How to interpret inla outputs that include categorical variables?

1,573 views
Skip to first unread message

krtmc...@gmail.com

unread,
Sep 28, 2018, 11:08:57 AM9/28/18
to R-inla discussion group
Hi,
I’d like some help figuring out how to interpret the output from inla for categorical variables. 

 
The suggestion was as follows: “To get the behaviour you describe, you can instead use an f(...,model=“iid”, constr=TRUE) random effects model and impose a sum to zero constrain there (and optionally fix the precision parameter, to mimic the behaviour of a regular factor covariate).”
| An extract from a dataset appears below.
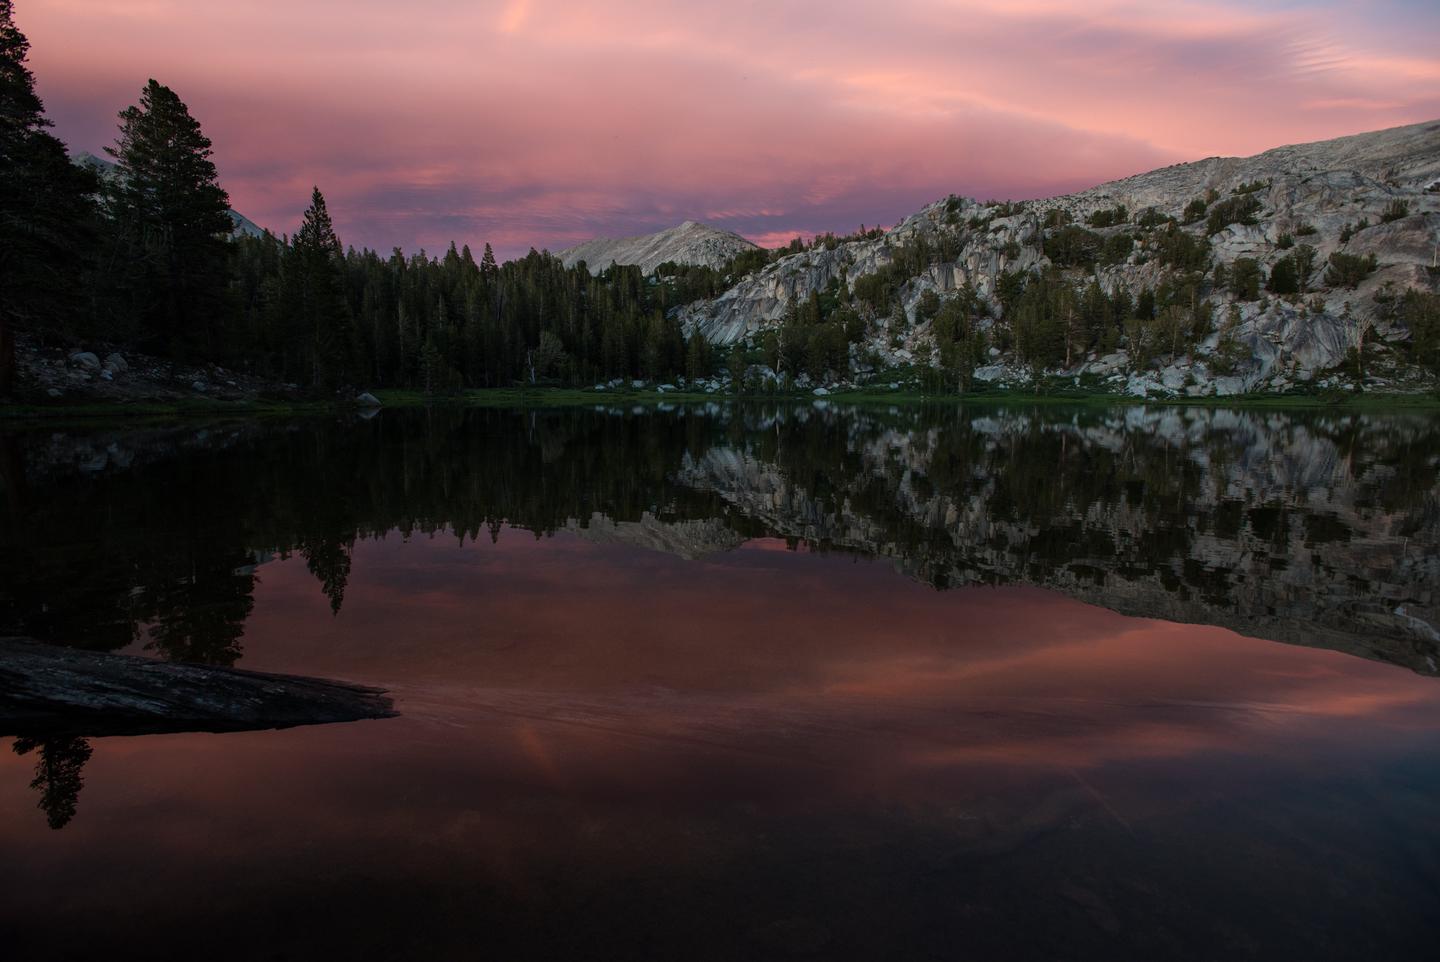 View of lake at sunset with clouds in the distanceThe last light of the day brings vibrant colors after a clearing storm. A calm High Sierra lake provides a perfect mirror for the fading light.

I would like to know how this this differs from using “control.fixed=list(expand.factor.strategy="inla")”.
It gives the output below. How should I interpret this? The 95% credible intervals for the most important levels of the categorical variable do not contain zero? How is this determined. i.e. was it compared to the mean of all of the levels? Also, how different is this interpretation when compared with using f(...,model=“iid”, constr=TRUE)? Thanks for your help.


Kurt

######For single variable soil..,
stack.est = inla.stack(data = list(AGB=est.data), A = list(A.est, 1),
effects = list(c(field.indices), data.frame (Intercept=1, soil=biomass4$DOMSOI_12, Plot = inla.group(biomass4$Plot))),
tag="est")

formula <- AGB ~ -1 + Intercept + soil +  f(Plot, model="rw1")+  f(field, model=spde)

family = 'gaussian'
control.family = list(hyper = list(prec = list(
  prior = "pc.prec", fixed = FALSE, param = c(prior.median.gaus.sd,0.5))))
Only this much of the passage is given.